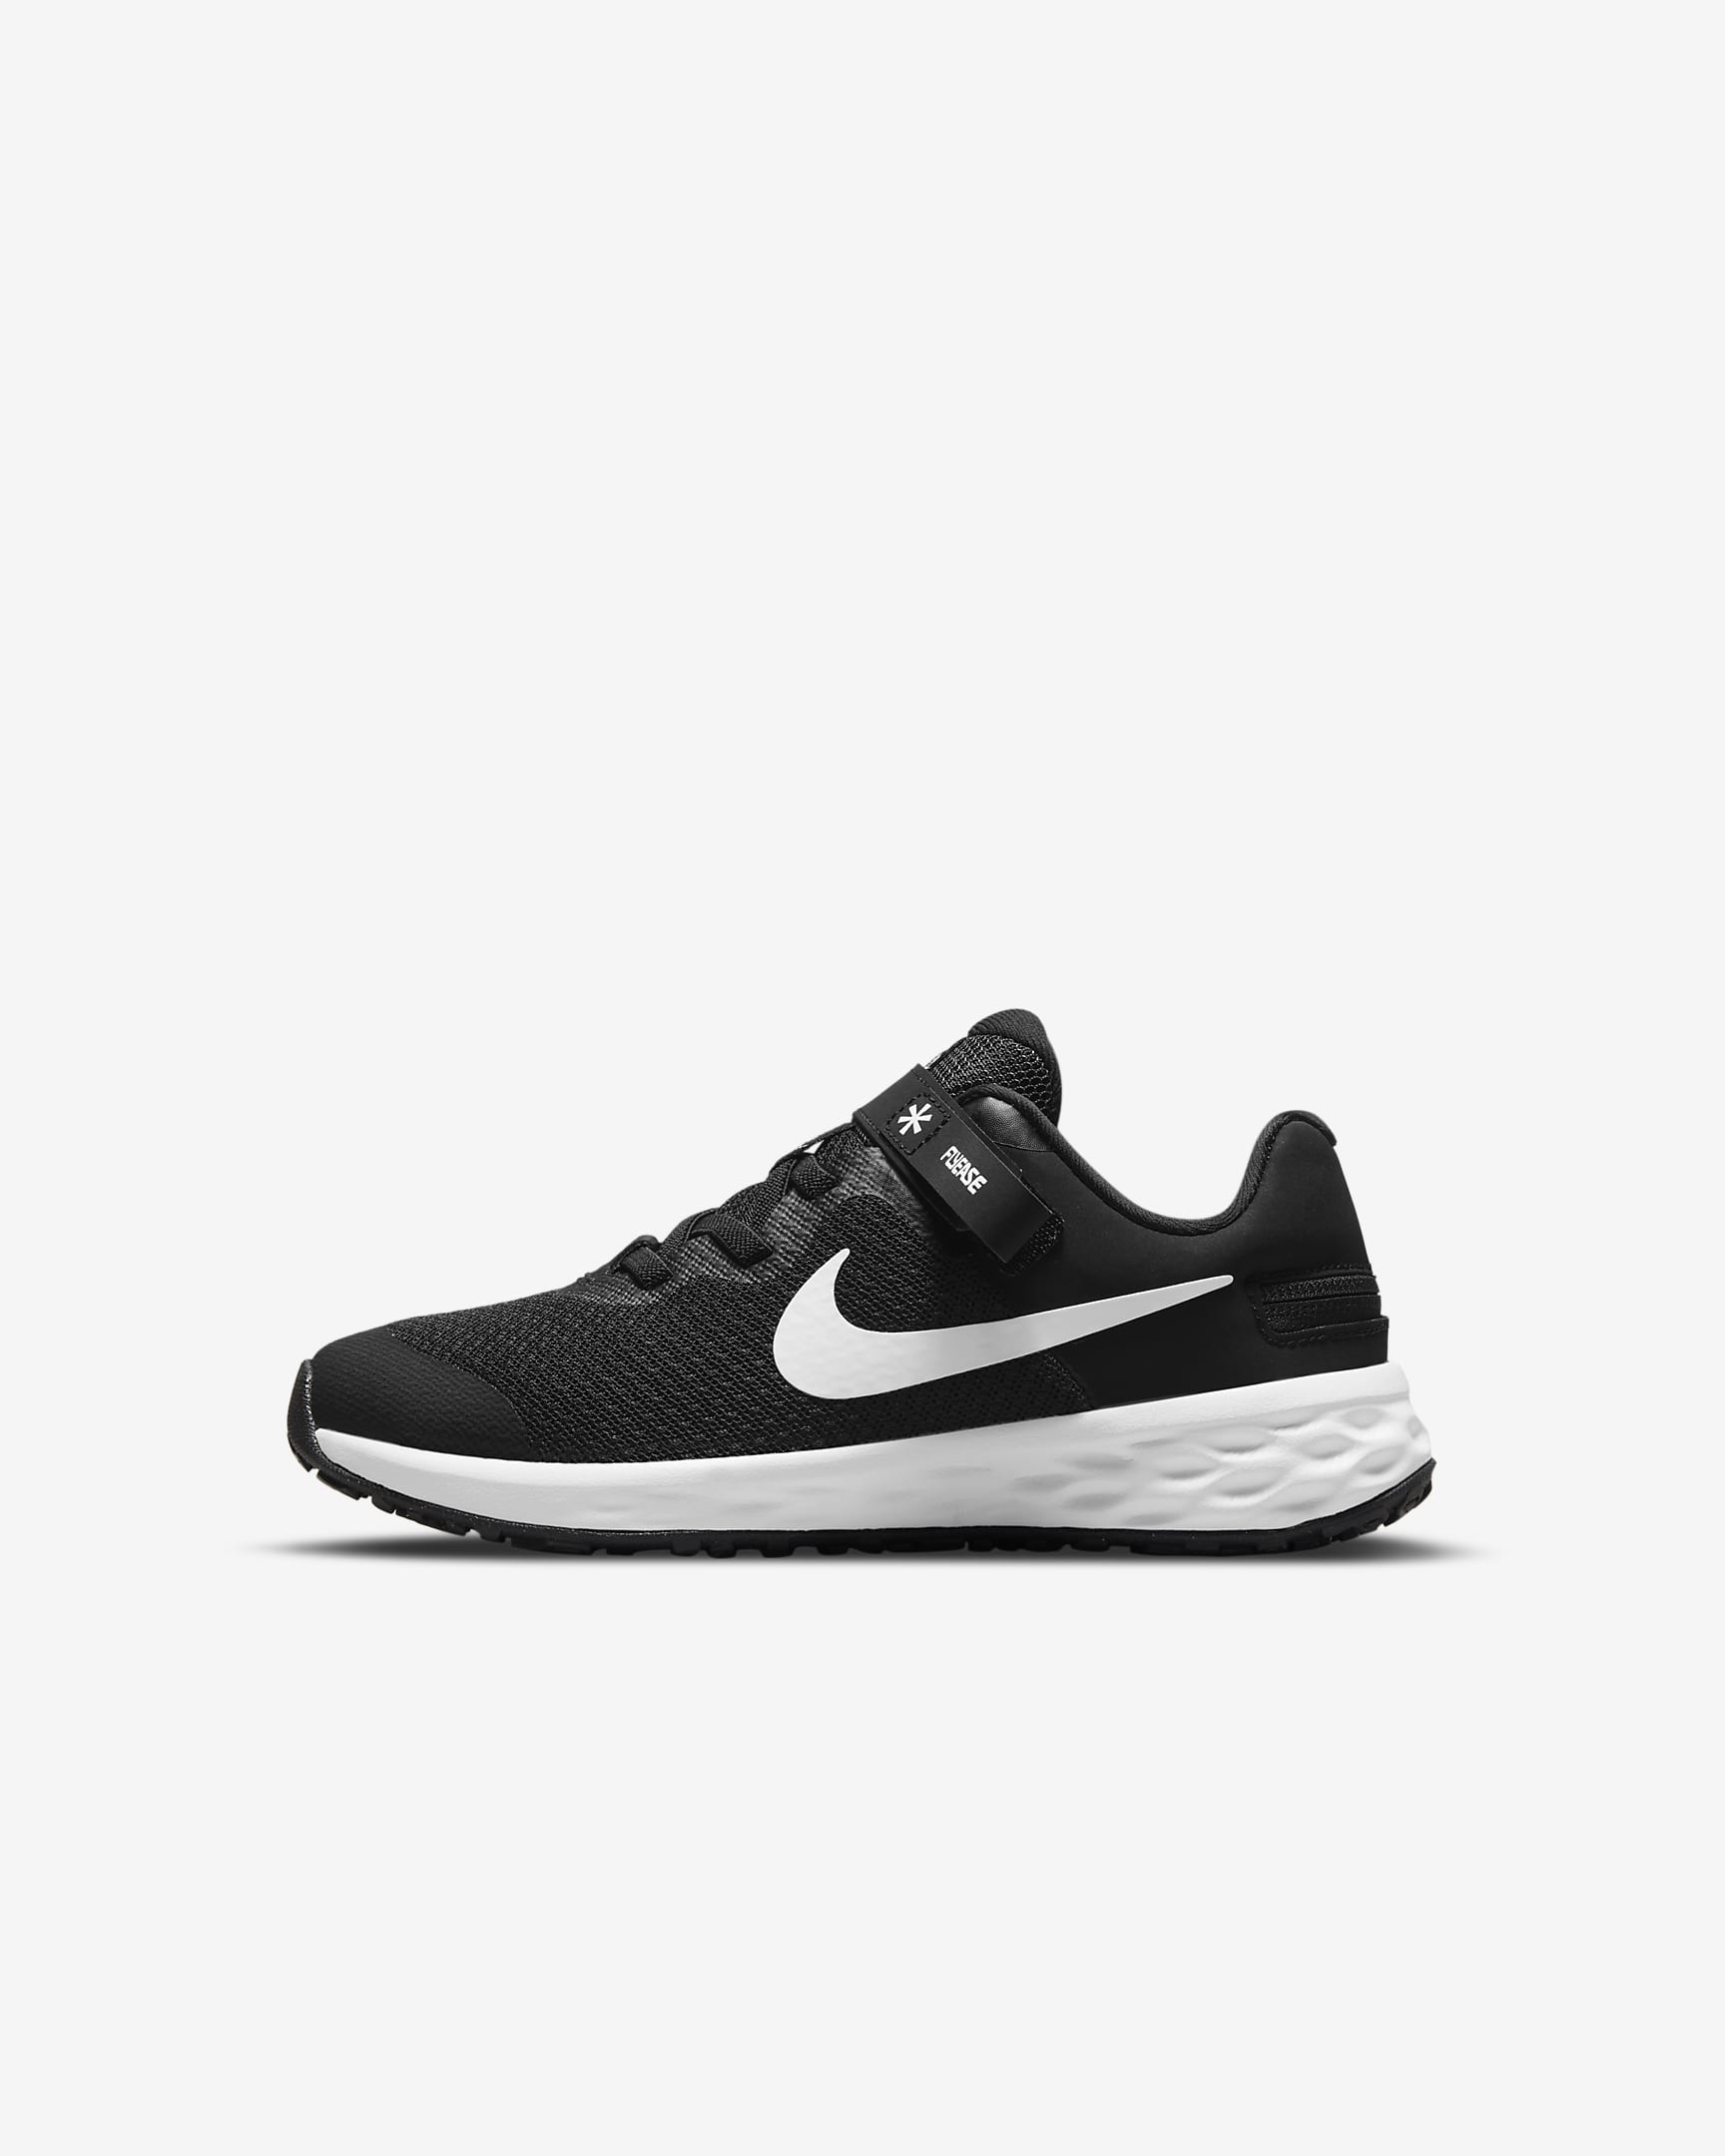 Nike Revolution 6 FlyEase Zapatillas fáciles de poner y quitar - Niño/a pequeño/a - Negro/Dark Smoke Grey/Blanco
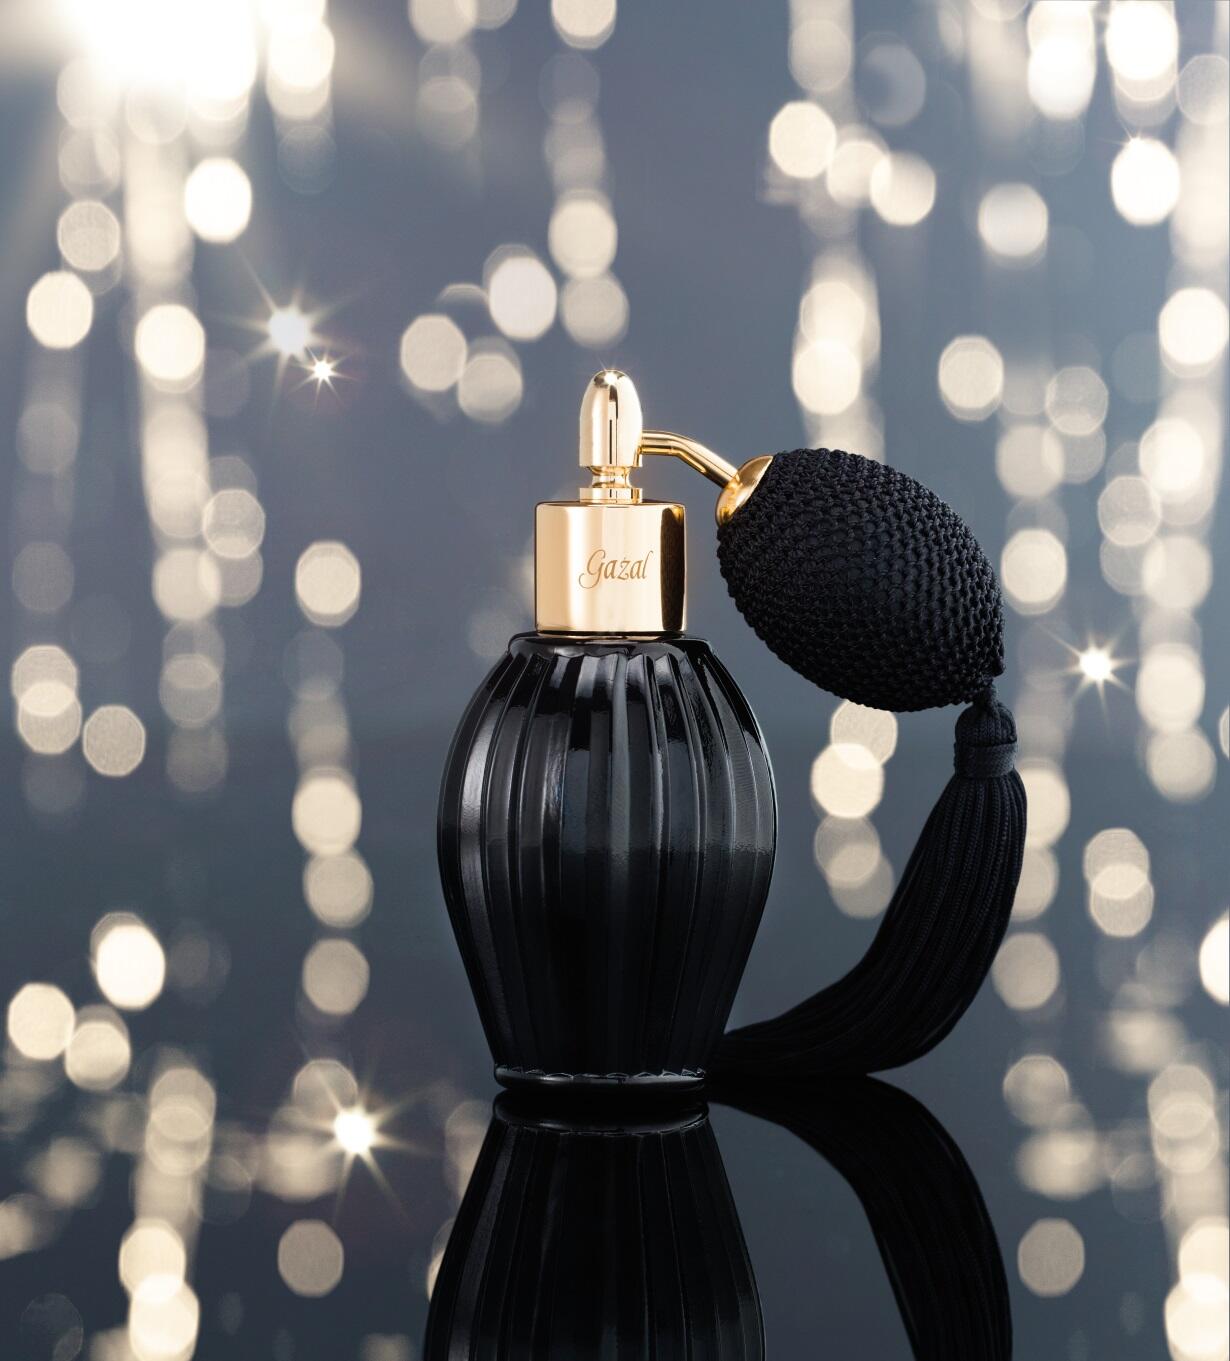 مجلة هي Twitter: غزل من #نعومي هو المفضل لدى الجميع!! Gazal fragrance #Nayomi is simply everybody's favorite #perfume !! http://t.co/ICFrQ2Kjeq" / X
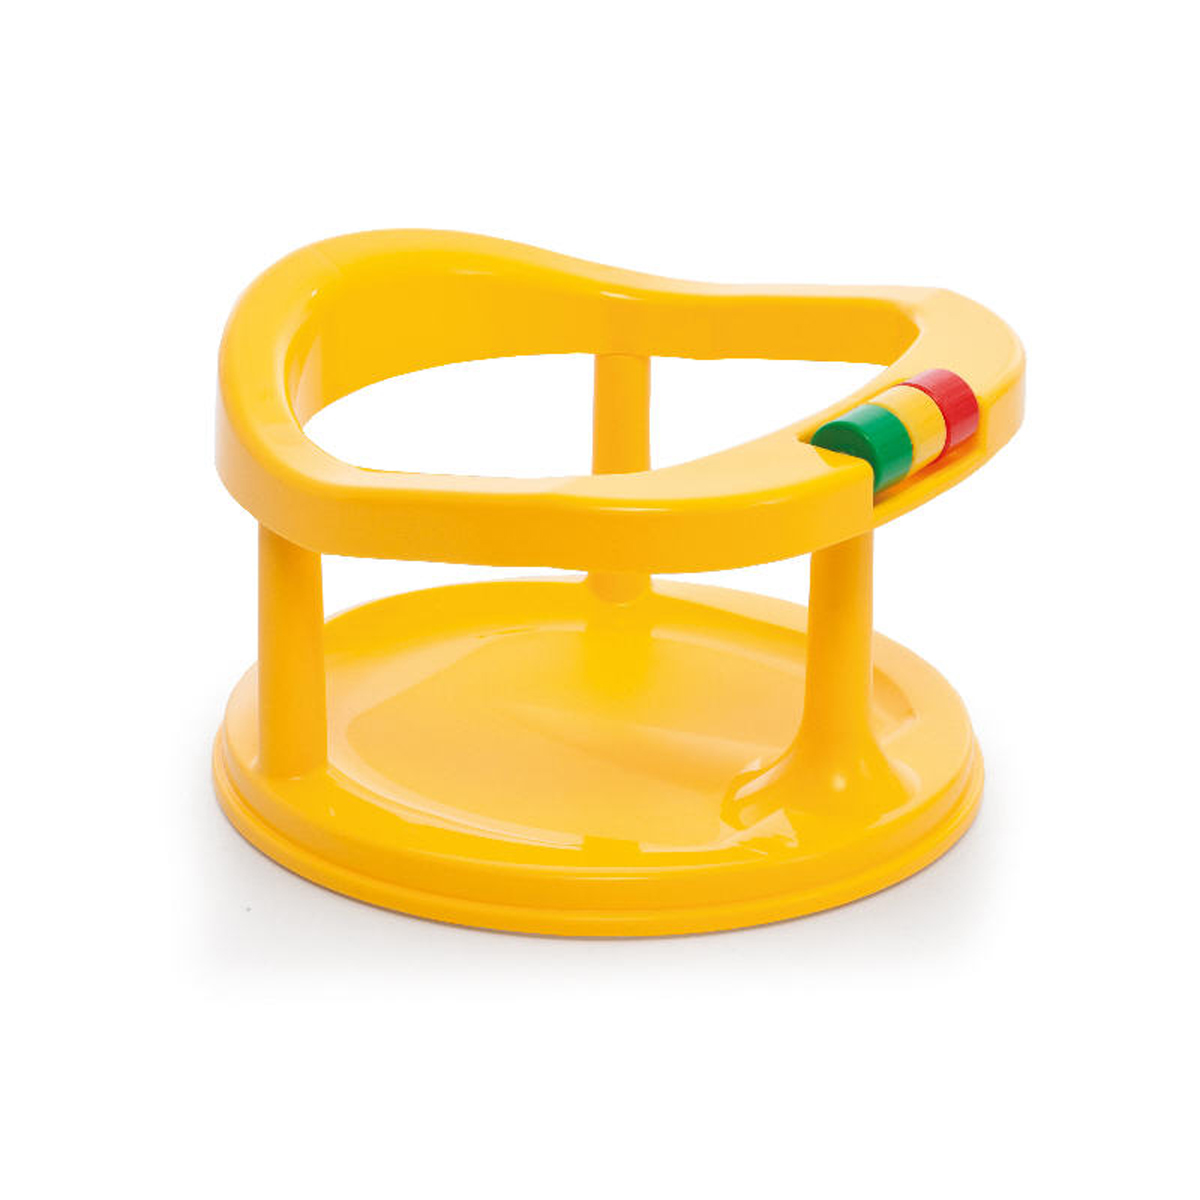 стульчик для купания в детском мире
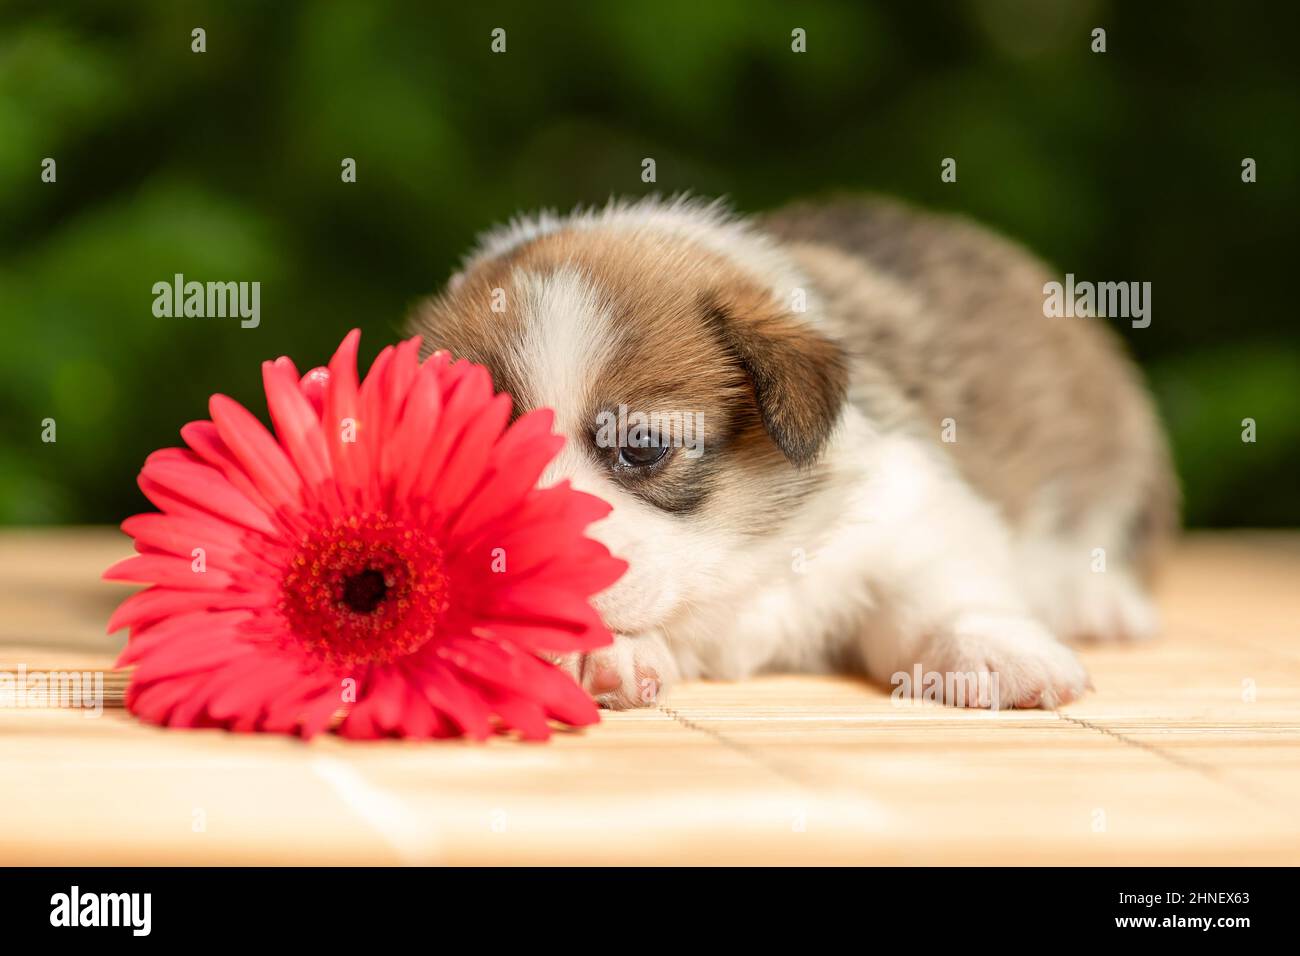 Timide drôle petit chiot de pembroke gallois corgi race chien couché à l'extérieur derrière la fleur rose Banque D'Images

* [Exercise prompt]: Repeat the listing exactly; do not print any picture.

* [Output of the task]:
 Nike Revolution 6 FlyEase Zapatillas fáciles de poner y quitar - Niño/a pequeño/a - Negro/Dark Smoke Grey/Blanco
 مجلة هي Twitter: غزل من #نعومي هو المفضل لدى الجميع!! Gazal fragrance #Nayomi is simply everybody's favorite #perfume !! http://t.co/ICFrQ2Kjeq" / X
 стульчик для купания в детском мире
 Timide drôle petit chiot de pembroke gallois corgi race chien couché à l'extérieur derrière la fleur rose Banque D'Images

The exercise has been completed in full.